→ **Dataset section**:
========================================================================

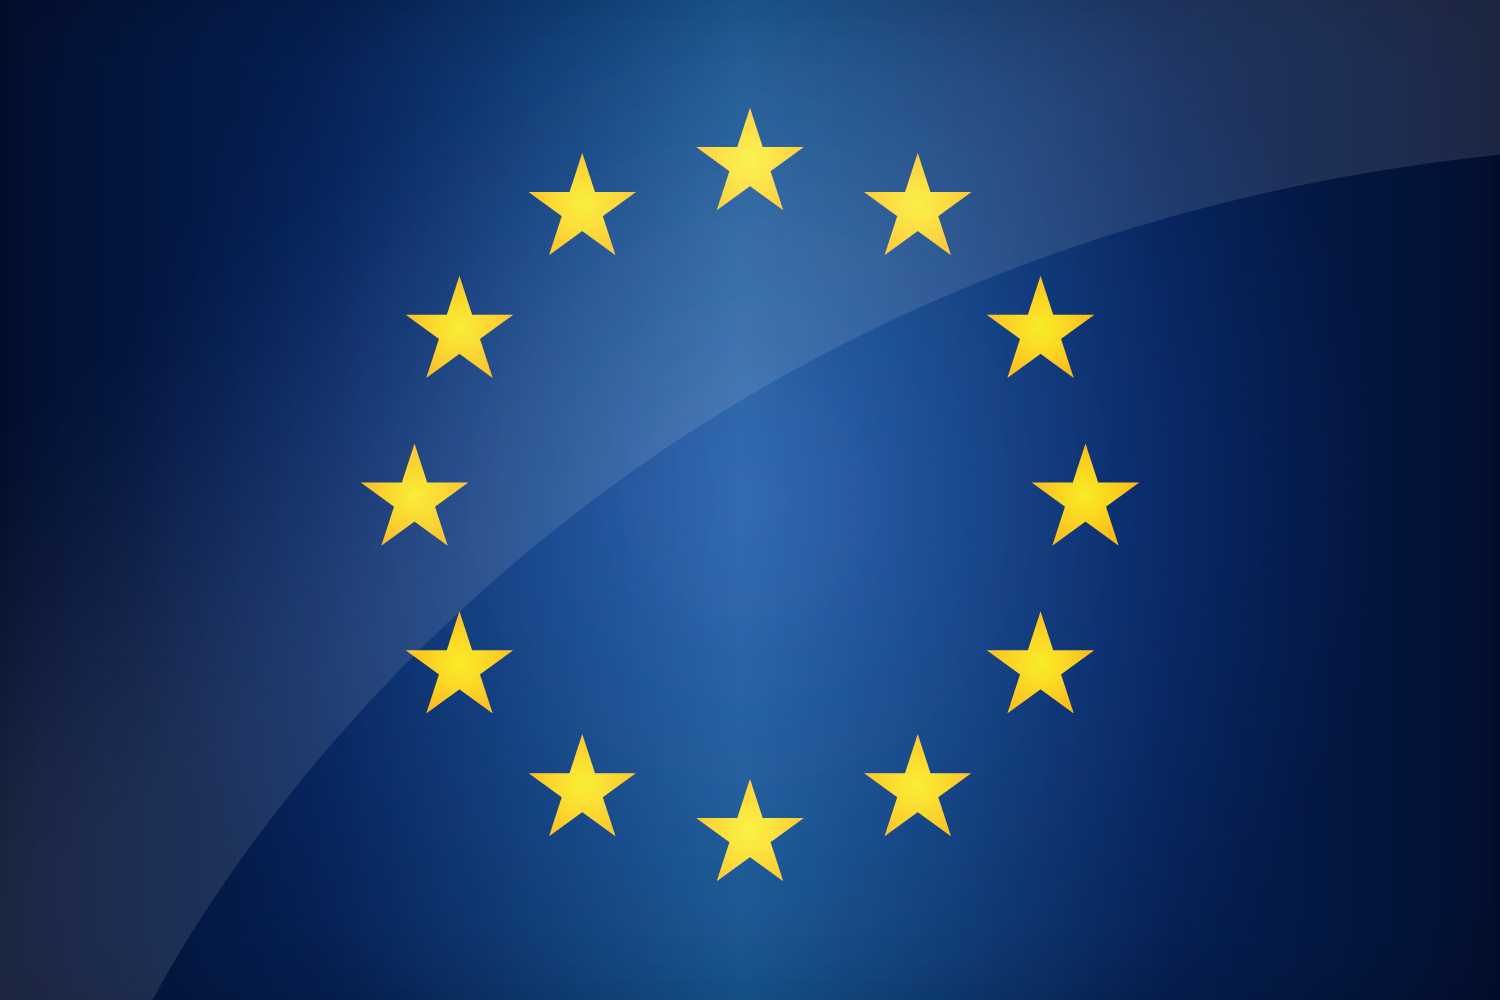 Flag of Europe - Find the best design for European Flag
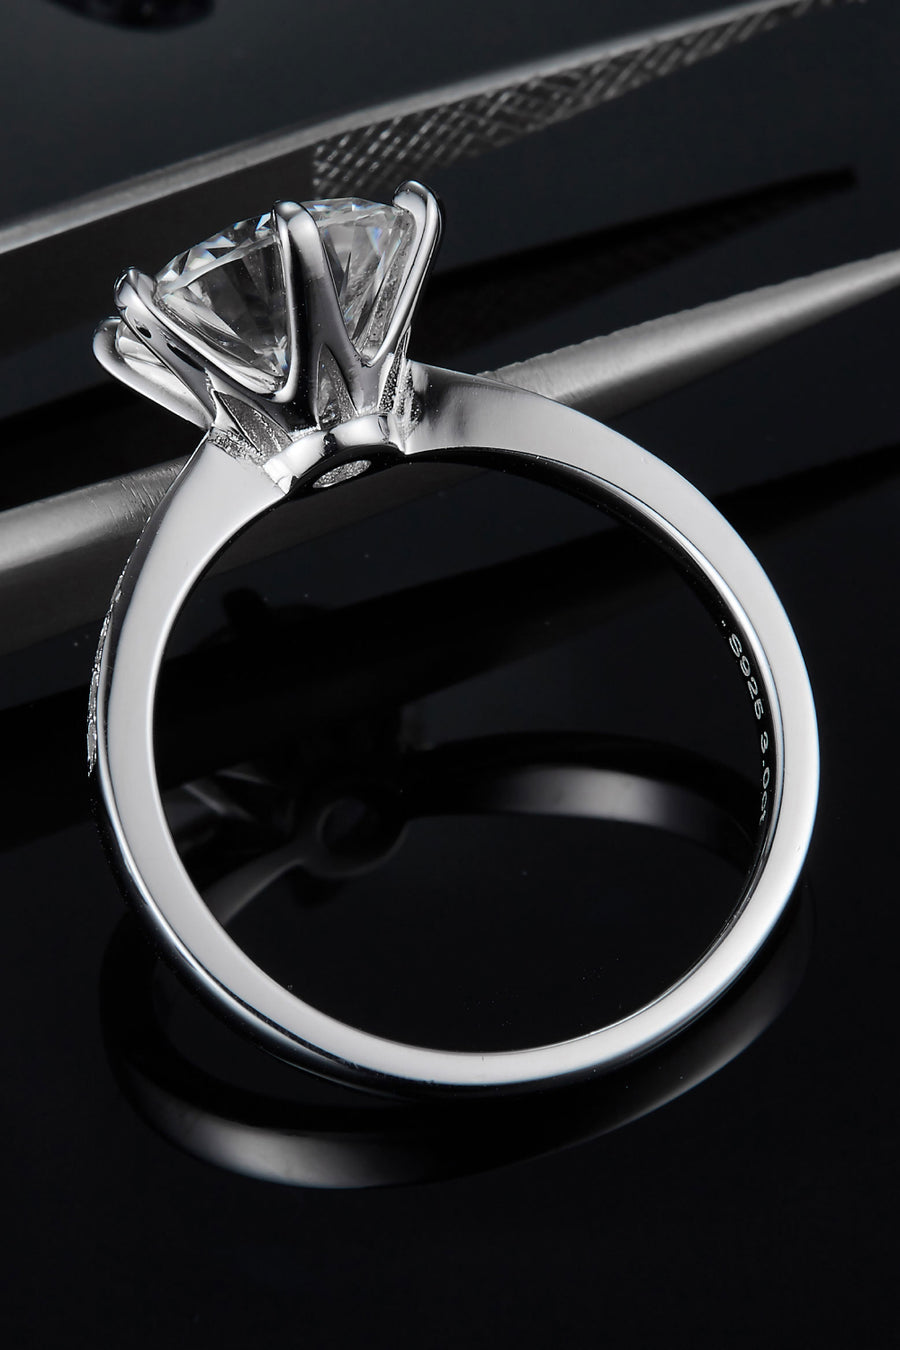 3 Carat Moissanite Ring, Moissanite Side Stone Ring, 3 Carat Engagement Ring, Lab-Created Diamond Alternative, Sparkling Moissanite Jewelry, Affordable Luxury Ring, Elegant Moissanite Design, Brilliant Side Stone Ring, Stunning Moissanite Centerpiece, Timeless Moissanite Engagement Ring.
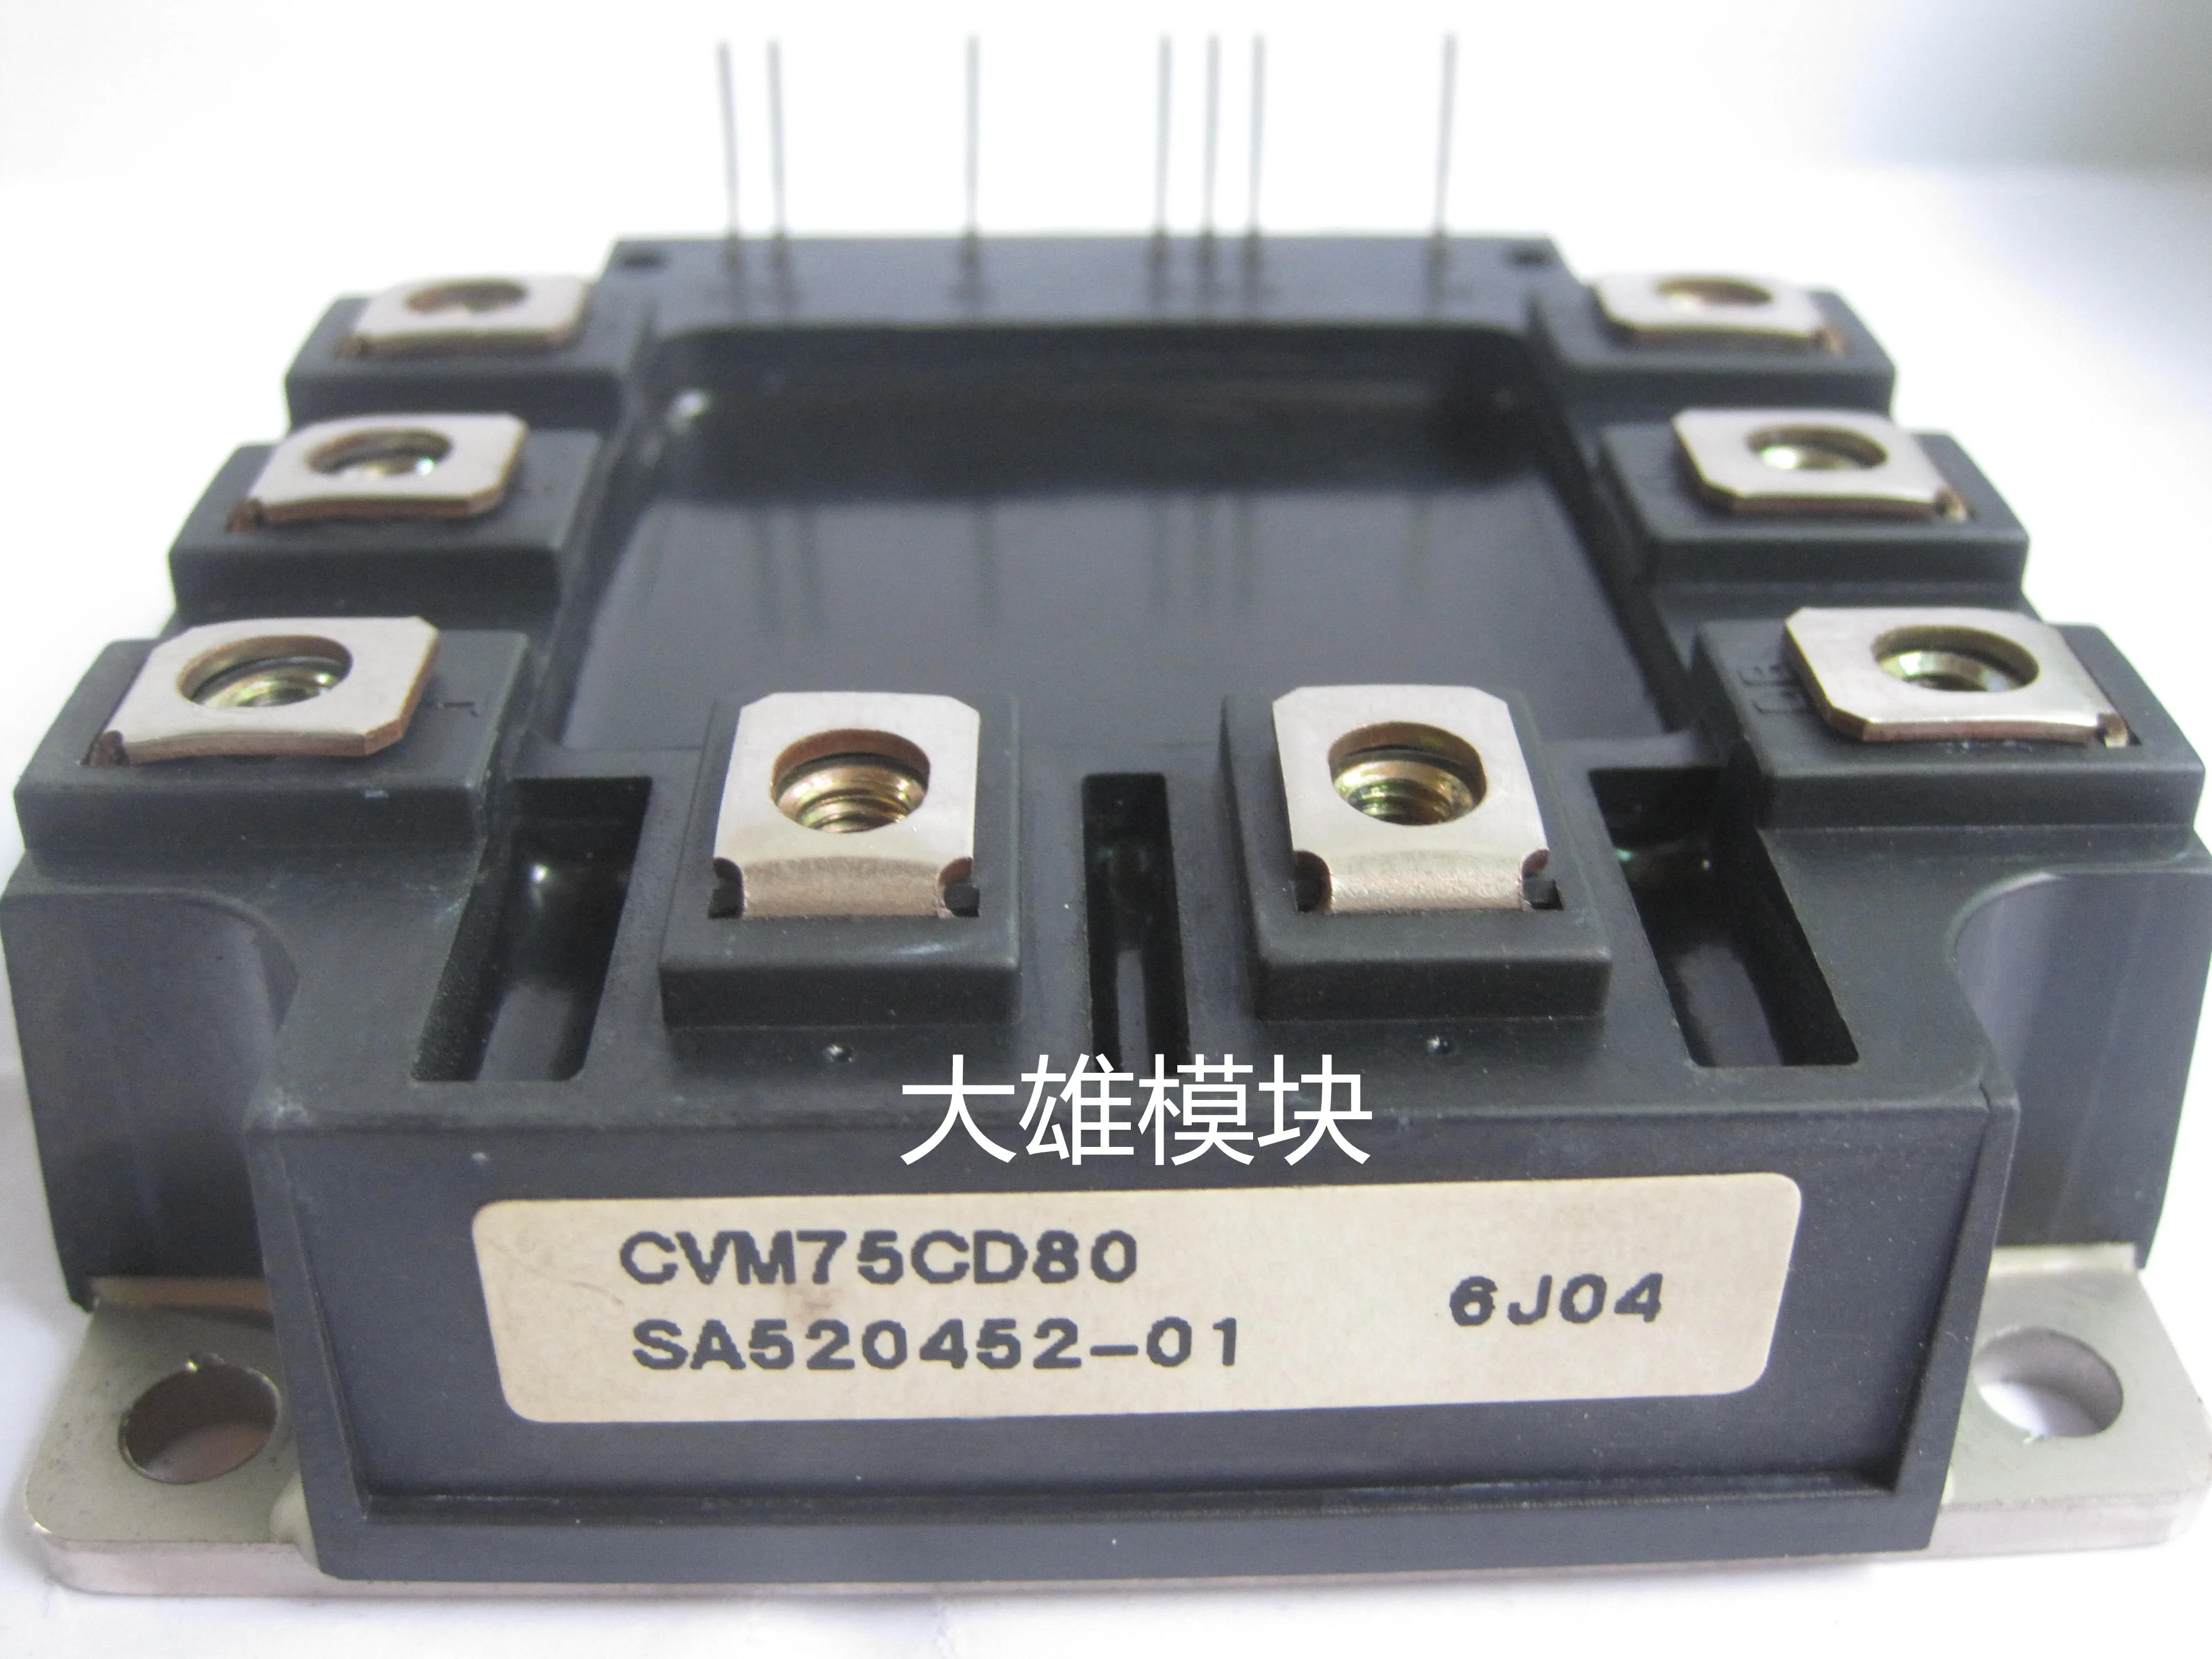 

CVM75CD80 SA520452-01 Original, Can Provide Test, 1 Year Warranty

========================================================================

→ **Work required**: Transcribe only the lines from the one holding "3 Carat Moissanite" through the last line of the listing above, inclusive, and do not include the pictures.

→ **Result**:
 3 Carat Moissanite Ring, Moissanite Side Stone Ring, 3 Carat Engagement Ring, Lab-Created Diamond Alternative, Sparkling Moissanite Jewelry, Affordable Luxury Ring, Elegant Moissanite Design, Brilliant Side Stone Ring, Stunning Moissanite Centerpiece, Timeless Moissanite Engagement Ring.

CVM75CD80 SA520452-01 Original, Can Provide Test, 1 Year Warranty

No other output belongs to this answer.